I'll use the hint from Kolmogorov's book to suggest two possible proofs.
$\textbf{Hint}$. Let $\left \lbrace \delta_n \right \rbrace$ be a sequence of positive numbers such that \begin{align*} \lim_{n\rightarrow \infty}\delta_n=0, \end{align*} and let $\left \lbrace \epsilon_n \right \rbrace$ be a sequence of positive numbers such that \begin{align*} \sum_{n=1}^{\infty} \epsilon_n < \infty . \end{align*} Let $\left \lbrace n_k \right \rbrace$ be a sequence of positive integers such that $n_k>n_{k-1}$ and \begin{align*} \mu \left \lbrace x: \left| f_{n_k}(x) - f(x) \right| \geq \delta_k\right\rbrace < \epsilon_k \qquad (k=1,2,...). \end{align*}
Moreover, let
\begin{align*} R_i = \bigcup_{k=i}^{\infty} \left \lbrace x: \left| f_{n_k}(x) - f(x) \right| \geq \delta_k \right\rbrace, \qquad Q=\bigcap_{i=1}^{\infty}R_i. \end{align*}
Then $\mu(R_i)\rightarrow\mu(Q)$ as $i\rightarrow \infty$, since $R_1\supset R_2 \supset \cdot\cdot\cdot$. On the other hand, \begin{align*} \mu(R_i) < \sum_{n=1}^{\infty} \epsilon_n, \end{align*} and hence $\mu(R_i)\rightarrow 0$, so that $\mu(Q)=0$.

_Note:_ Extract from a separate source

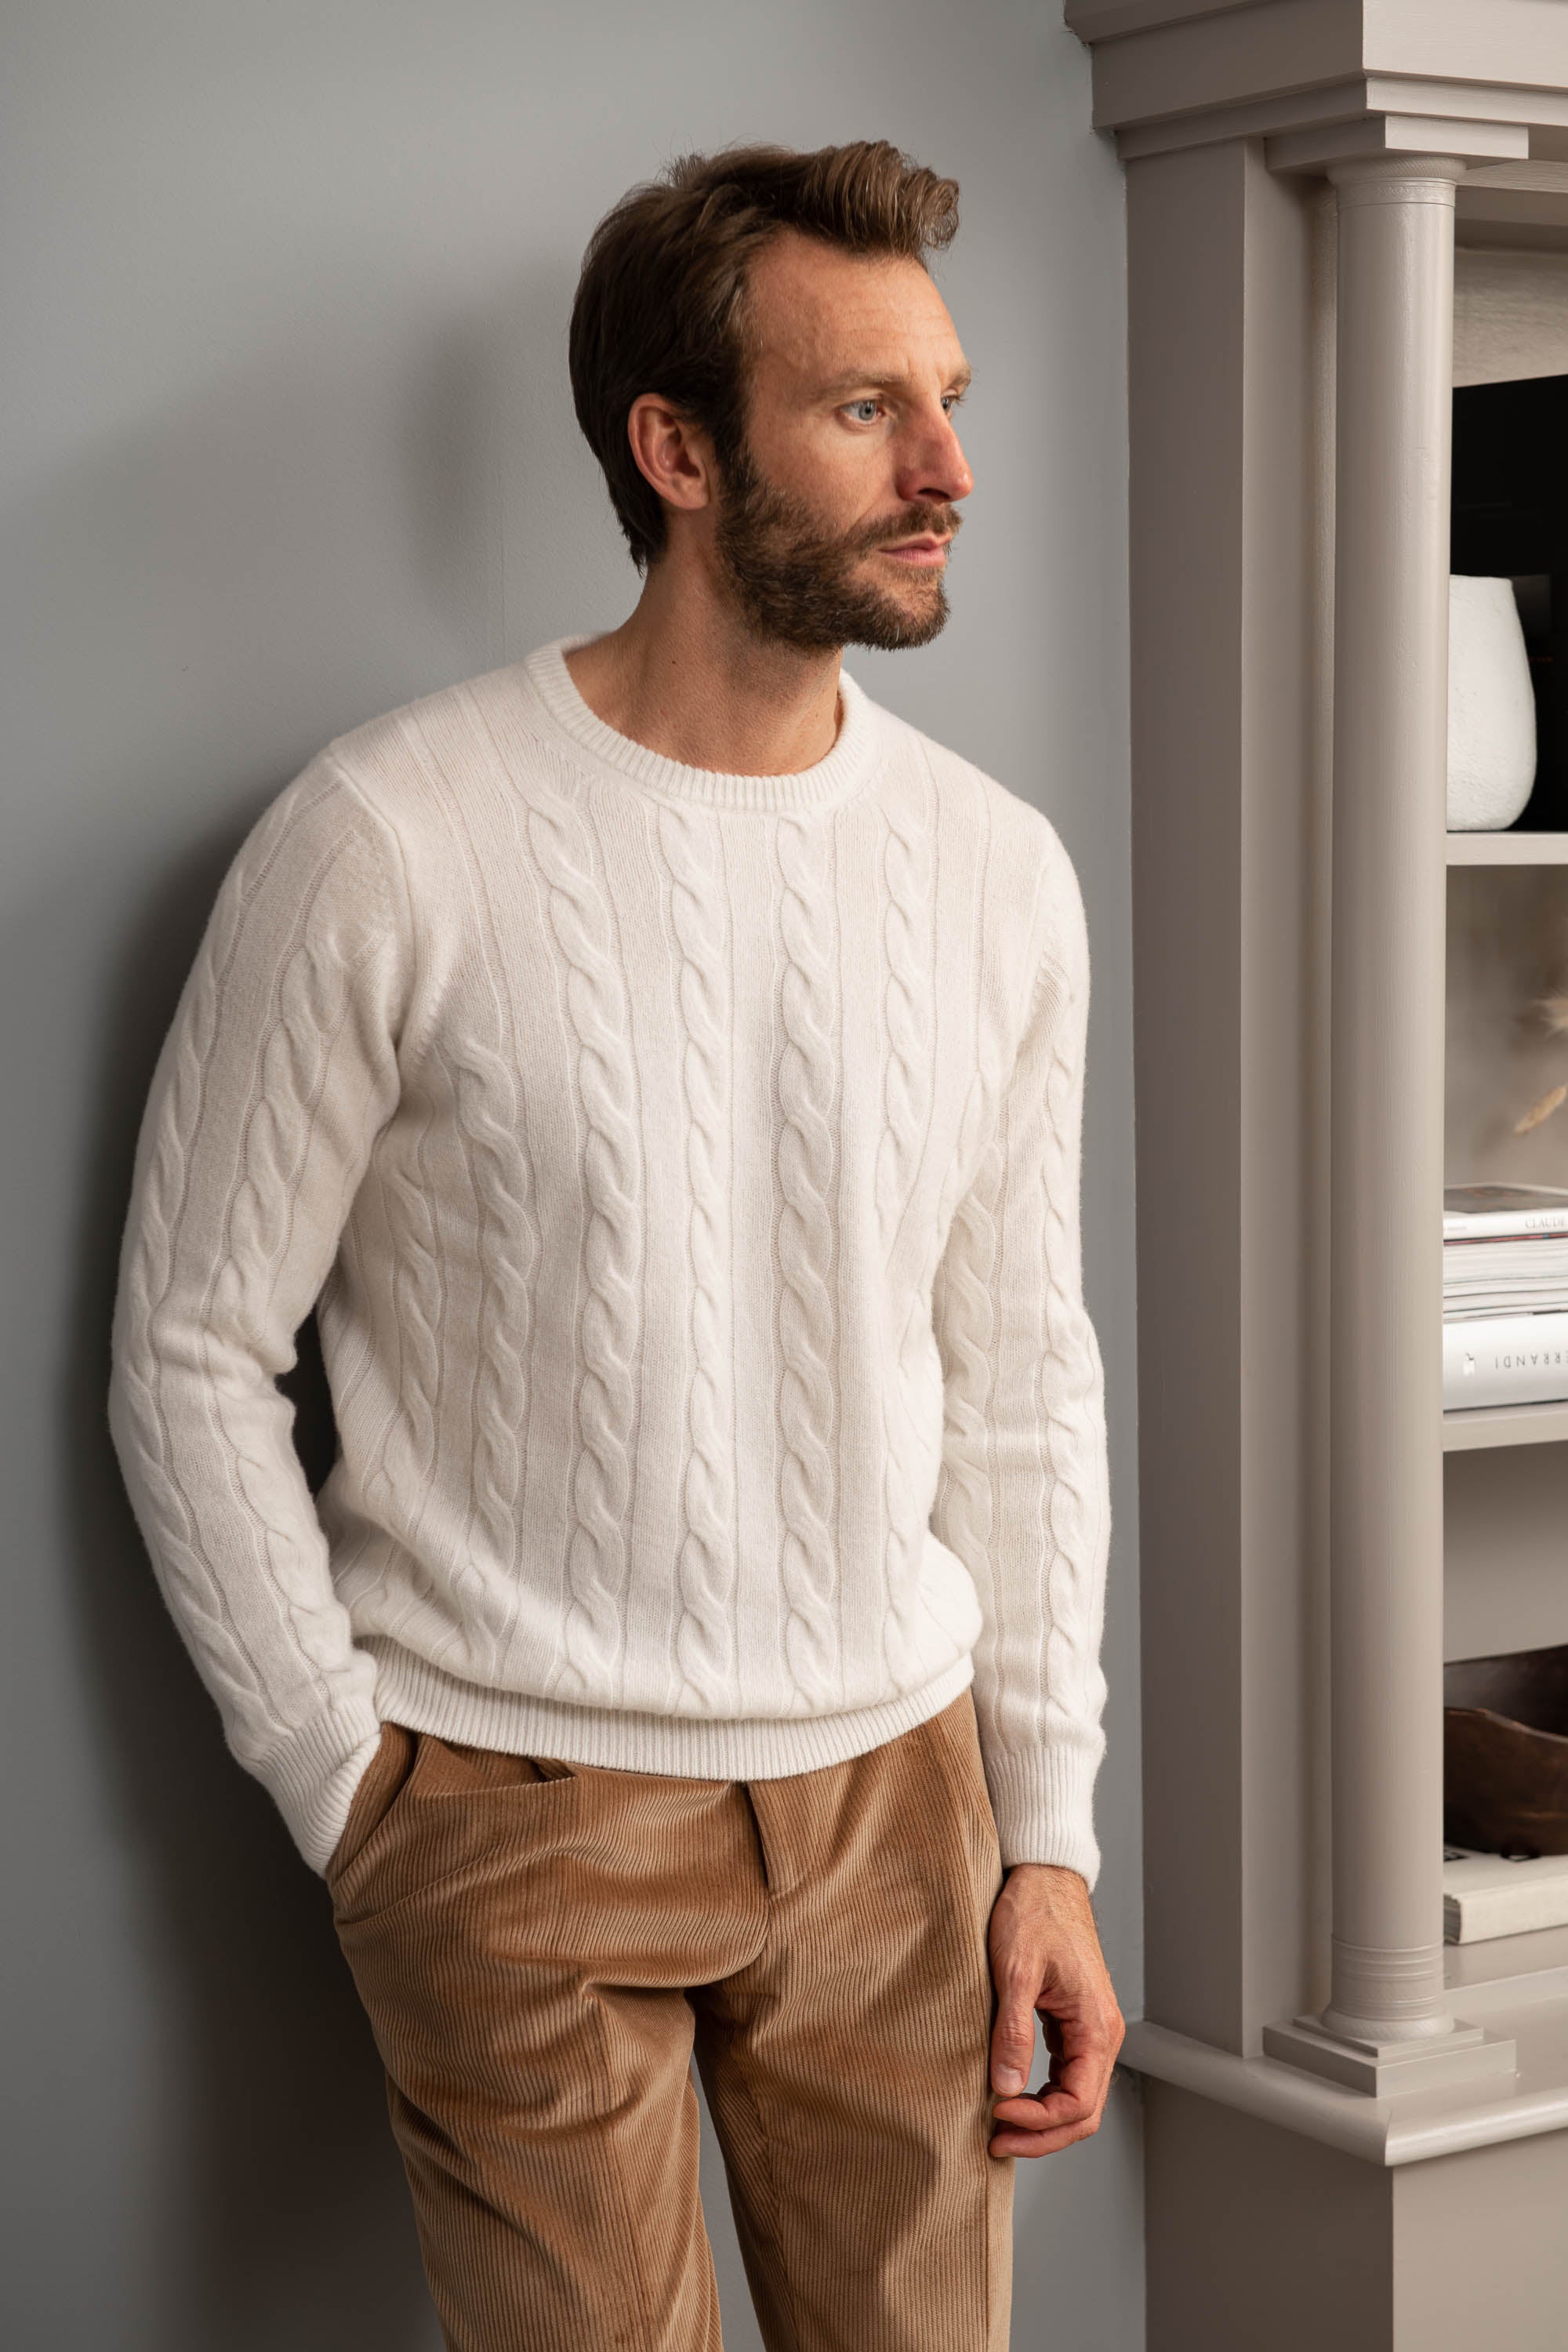 Layering a White Sweater for Transitional Seasons

Now show that $\left\lbrace f_{n_k} \right\rbrace$ converges to $f$ on $E-Q$.
$\textbf{Alternative 1}$
Let $B_k=\left\lbrace x: \left| f_{n_k}(x) - f(x) \right| \geq \delta_k \right\rbrace$.
Note that \begin{align*} \forall x\in (E-Q) \implies x \notin Q \implies x \notin \bigcap_{i=1}^{\infty}R_i \implies x \notin R_i \, \text{ for some } i \implies x \notin B_k \, \text{ for } k \geq i . \end{align*}
In fact this implies that there is no $k\geq i$ for which $\left| f_{n_k}(x) - f(x) \right|\geq \delta_k$ holds in $E-Q$, since otherwise it would be contained in every $R_i$ and hence in $Q$.

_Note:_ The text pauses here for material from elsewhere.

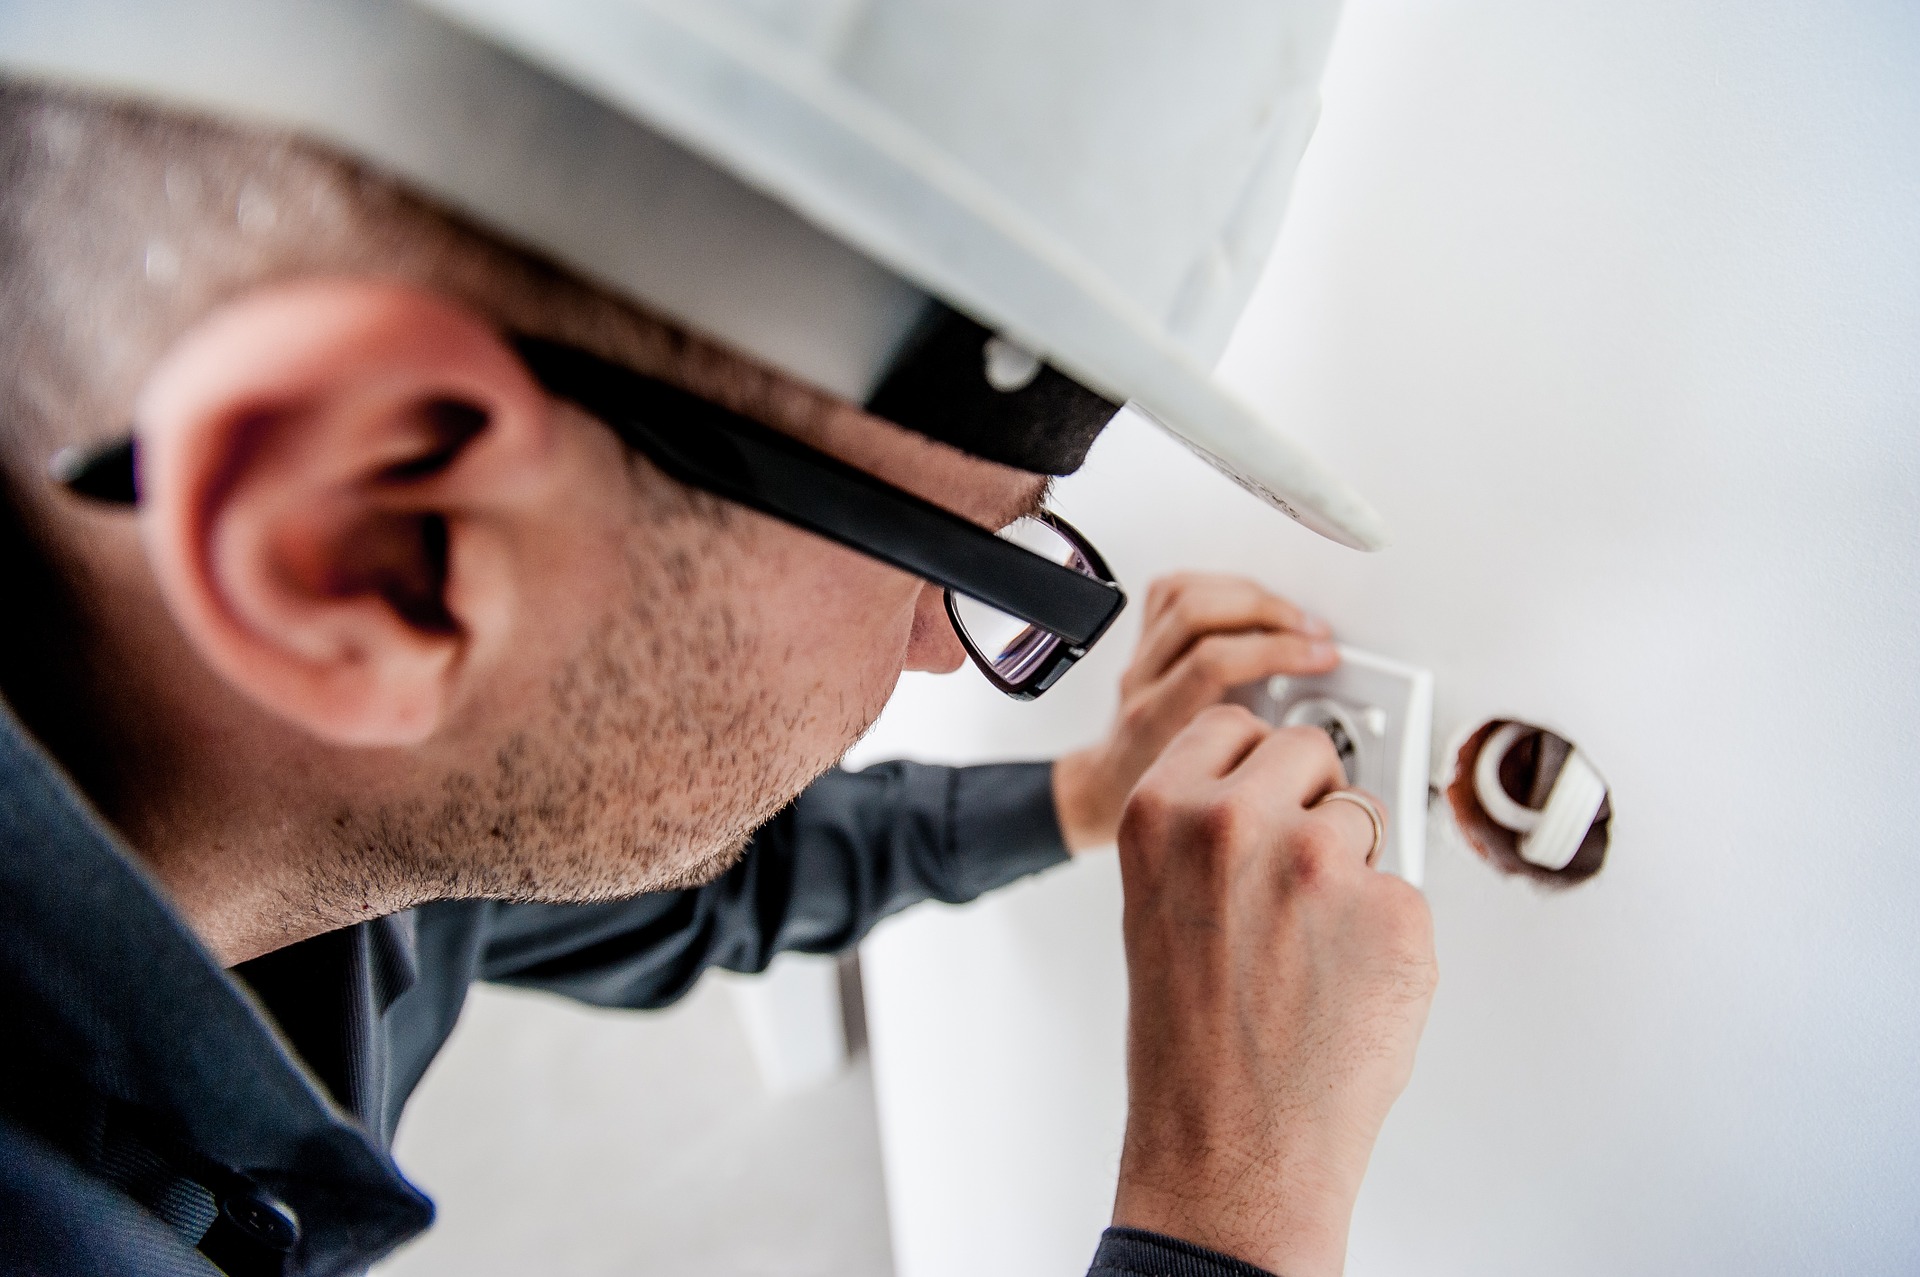 What To Look For In An Electrician

So we have that in $E-Q$ there is no $k\geq i $ such that $\left| f_{n_k}(x) - f(x) \right| \geq \delta_k$ implying that the opposite is true, i.e., for all $k\geq i$, $\left| f_{n_k}(x) - f(x) \right| < \delta_k$, where $\delta_k \rightarrow 0$ as $k\rightarrow \infty$ (by its definition). So we have that $f_n(x)\rightarrow f(x), \, \forall x \in (E-Q)$, and finally that $f_n(x)\rightarrow f(x) \, a.e.$ since the set $Q$ has measure zero.
$\textbf{Alternative 2}$
Let $B_k=\left\lbrace x: \left| f_{n_k}(x) - f(x) \right| \geq \delta_k \right\rbrace$.

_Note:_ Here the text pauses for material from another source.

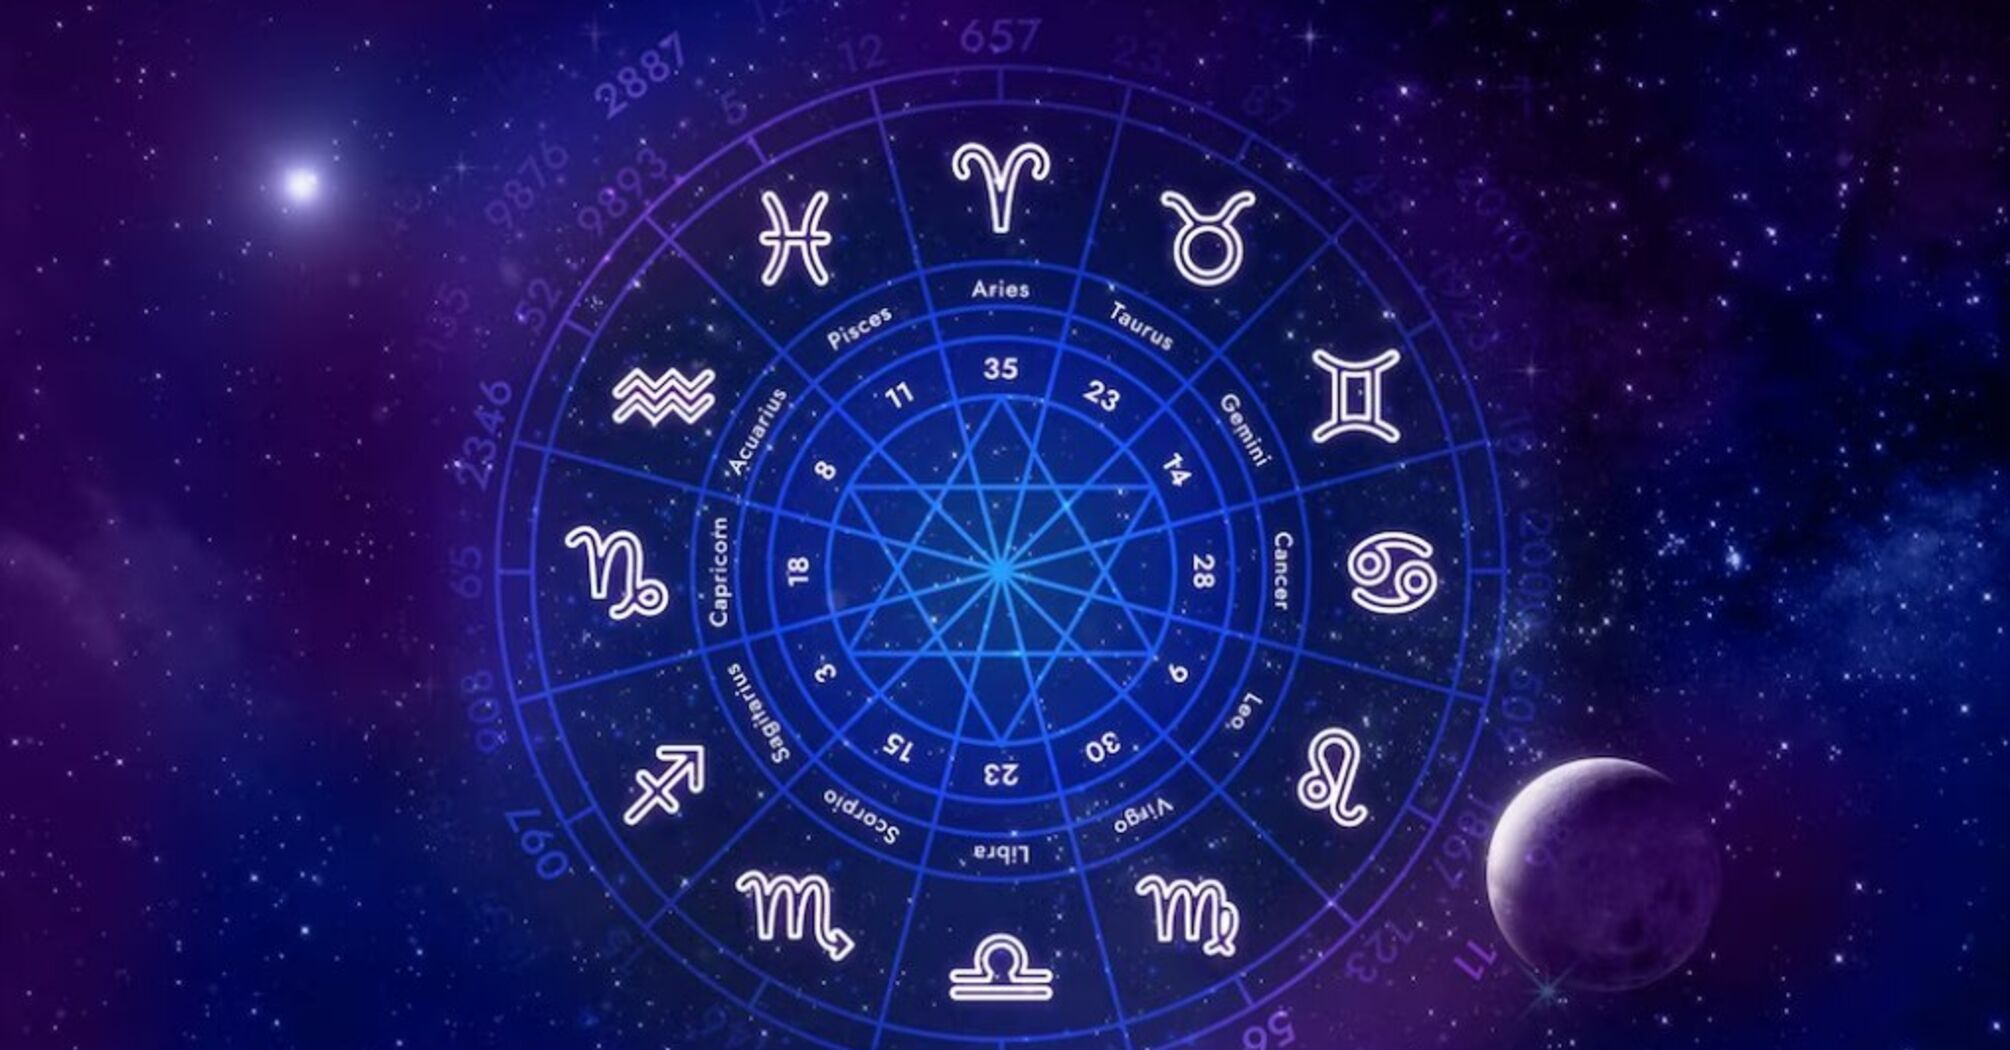 These zodiac signs will have good career prospects this week

We have \begin{align*} (E-Q) &= E-\bigcap_{i=1}^{\infty}R_i=\bigcup_{i=1}^{\infty}(E-R_i)=\bigcup_{i=1}^{\infty}R_i^{\complement} \\ &=\bigcup_{i=1}^{\infty}\left( \bigcup_{k=i}^{\infty}B_k\right)^\complement \bigcup_{i=1}^{\infty}\bigcap_{k=i}^{\infty}B_k^{\complement} \end{align*}
\begin{equation} (E-Q)=\bigcup_{i=1}^{\infty}\bigcap_{k=i}^{\infty} \left\lbrace x: \left| f_{n_k}(x) - f(x) \right| < \delta_k \right\rbrace. \end{equation}
From the last equation, we can read that in this set there exists an integer $i$ such that for all $k\geq i$, for which $\left| f_{n_k}(x) - f(x) \right| $ is less than $\delta_k$ which get arbitrarily small, implying the convergence of $f_{n_k}$ to $f$ on $(E-Q)$.
"Convergence almost everywhere implies convergence in measure (for a finite measure)" follows almost trivially from the following lemma (e.g., lemma 2.5.4 of the Ash and Dade text):
Suppose $\mu$ is a finite measure. Then $f_n \to f$ pointwise $\mu$-a.e. if and only if $$ \forall \epsilon > 0, \lim_{n \to \infty} \mu( \bigcup_{n \geq k} B_{k \epsilon}) = 0, $$ where $B_{k\epsilon}$ is the set where the convergence is violated by the amount $\epsilon$ after index $k$, $$ B_{k \epsilon} := \{x: |f_k(x) - f(x)| > \epsilon \}. $$
(we actually only need the $\implies$ direction).
Now to prove convergence in measure, fix any $\epsilon > 0$, then $$ \lim_{n \to \infty} \mu(\{x: |f_n(x) - f(x)| > \epsilon \}) = \lim_{n \to \infty} \mu(B_{n\epsilon}) \leq \lim_{n \to \infty} \mu(\bigcup_{n \geq k} B_{k \epsilon}) = 0 $$ since $B_{n \epsilon} \subset \bigcup_{n \geq k} B_{k \epsilon}$. That's it!